Windows 7 or 8? (Score:2)
And Mr. Gates' answer? Higher is better. ;)
Ah, I guess that was the developers' motto during product design as well.
Re:Windows 7 or 8? (Score:5, Funny)
Handwriting (Score:5, Interesting)
Robots, pervasive screens, speech interaction will all change the way we look at "computers". Once seeing, hearing, and reading (including handwriting) work very well you will interact in new ways..

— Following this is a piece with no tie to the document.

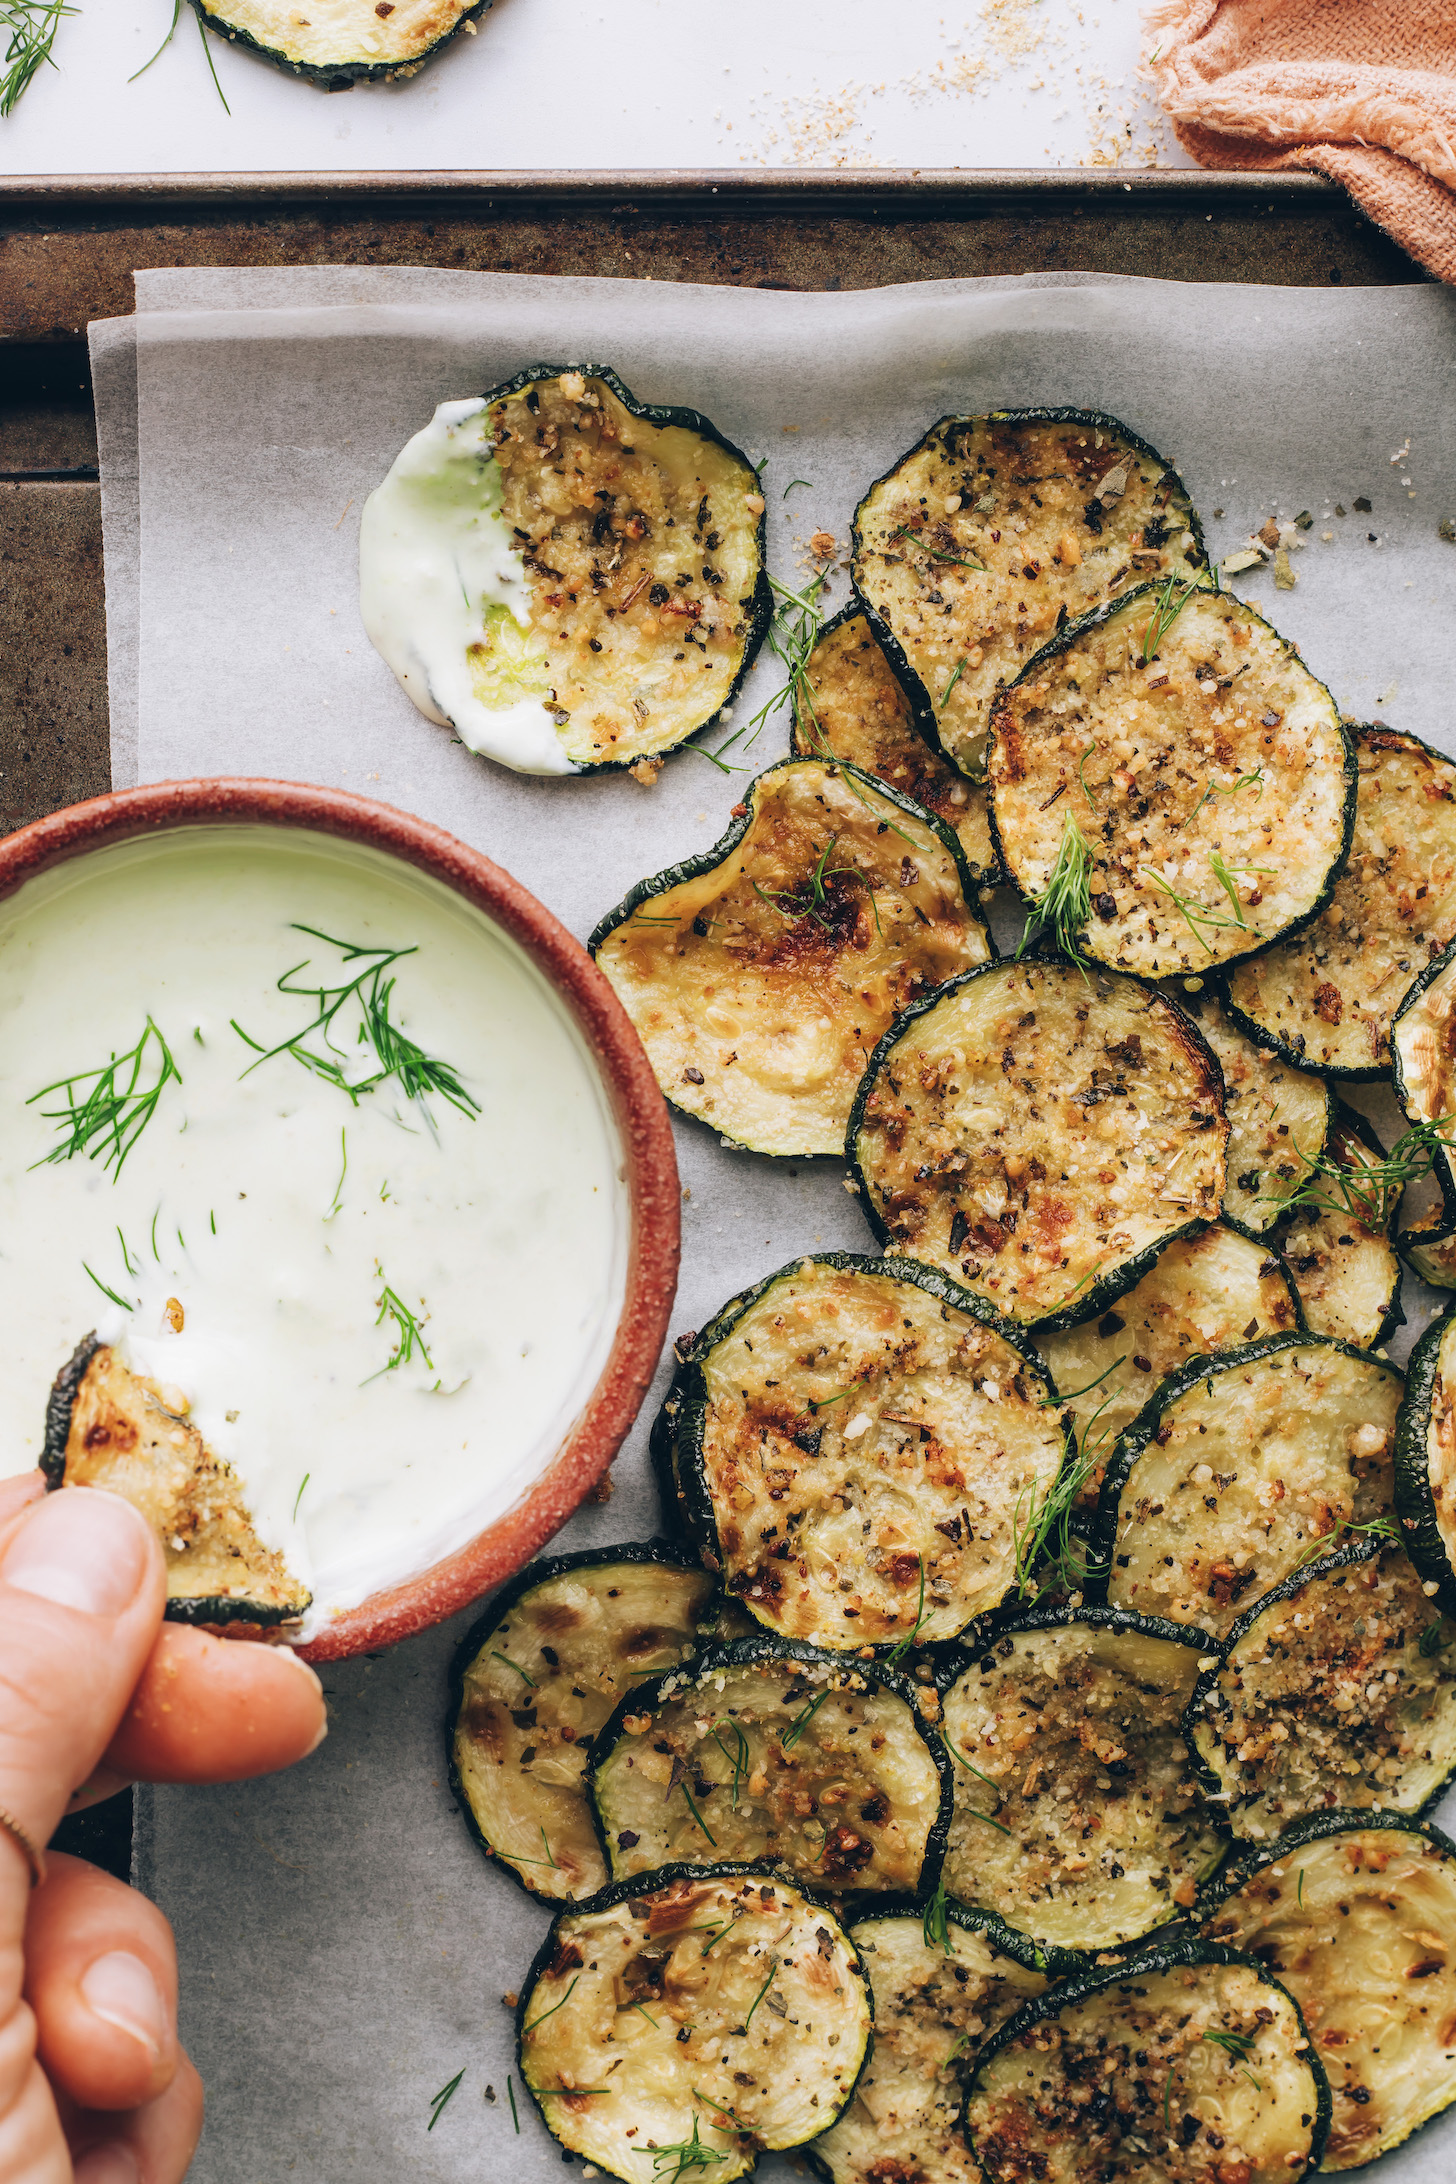 Dipping a caramelized zucchini slice into a bowl of ranch

I'm very surprised he's still hung up on handwriting recognition. It is a DEAD END for human interfacing to a computer (with the sole exception of OCRing existing handwritten documents, and perhaps security as a form of credential). Think about it for one moment, the amount of muscle control, precision and time required to DRAW A SHAPE which is then interpreted as a single input glyph. It is a horribly slow and tedious method of input - I would rather (and literally have) key Morse Code into my android phone than write text.
It also shows he's still a bit out of touch, and still thinking stylus-centric (which, IMO, was one of the reasons Window Mobile / Windows CE failed, was because it never completely shook the stylus-required-to-interact-with-tiny-widgets problem). Is a person really expected to draw on a modern touch screen with their finger to write letters for the device to recognize (and feel like a preschooler fingerpainting)? Or are we going to step back into having to keep track of a stylus?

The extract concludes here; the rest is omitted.